Subjectivity | Teen Ink

Subjectivity

September 4, 2010
By LondonEye DIAMOND, Randolph, New Jersey
LondonEye DIAMOND, Randolph, New Jersey
89 articles 125 photos 71 comments

Have you ever opened up to a page in The New Yorker to a poem whose significance completely eluded you? Of course, the display of one’s work on a page of The New Yorker would be the surest sign of success in any writer’s career, so we are naturally led to believe that whatever is published in their print must be “good”. But is this always so? Can the triumph or quality of a poem really be judged objectively? In essence, poetry is a form of art which, by definition, cannot be labeled, ranked, or interpreted by only one viewpoint. So by what criteria can we really judge this ever-mysterious outlet of emotive expression?
An increasingly prominent matter contributing to this doubt and uncertainty is the rise in the free-verse genre. It would almost seem as though the expanse of poetic license is ever-increasing as free-verse poetry becomes mainstream and the boxy structure of standard stanzas become trite.
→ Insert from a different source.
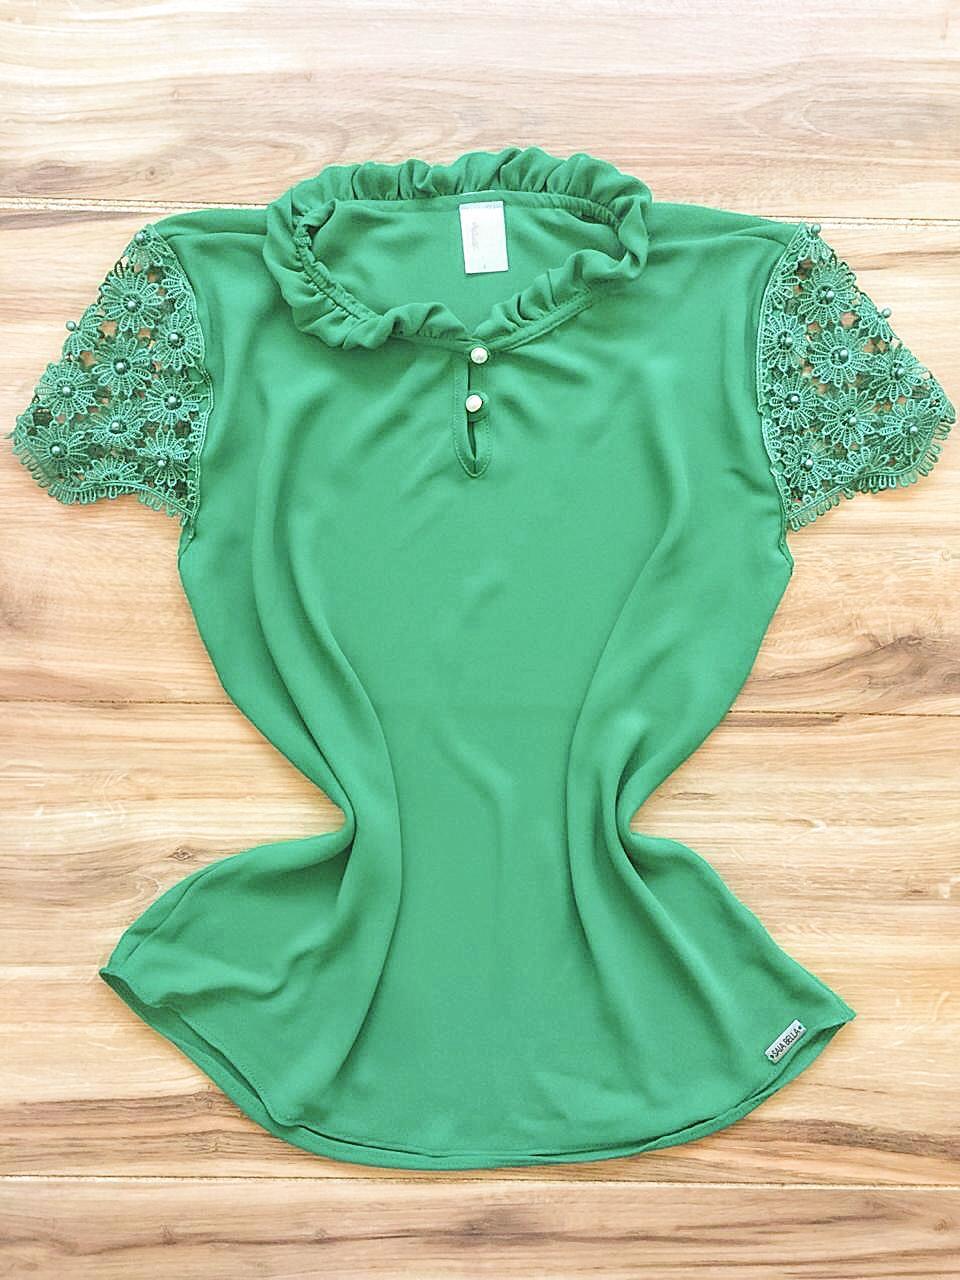 Blusa de Renda Saia Bella - SB9980 verde escuro

Many might dismiss the nonsensical stylings of free-verse as childish and irrelevant, while some are able to find a secret profundity beneath the letters, whether such a deeper meaning is present or not. Many are likely to feel just as dumbfounded when reading such a poem as I often feel when trying to contemplate an abstract piece of modern art. We are often left wondering: what talent or deep understanding of the craft did it take to produce this piece? Could a child not have just as easily created something comparable? We are often compelled to keep our doubts hushed lest we seem uneducated to those who have the capacity to be moved by a trail of red paint splotches on a canvas.
But there is where the subjectivity of interpretation comes into play. Does there really exist a capacity, a special skill for decoding poetry and art as if translating Hieroglyphics, or are we just led to believe so by the certainty in so many connoisseurs’ analyses?
I suppose the beauty of poetry, the unique and even mystical qualities that separate it from nonfiction writing, dwells in our freedom to see it as whatever our eyes would fancy it to be. Whether free-verse poetry is a masterpiece in disguise or simply an arbitrary assortment of virtually meaningless phrases remains an enigmatic subject for pondering.


The author's comments:
I often come across poems in the most acclaimed and renowned magazines and whatnot, and am often left baffled by the seemingly senseless and child-like styles of writing.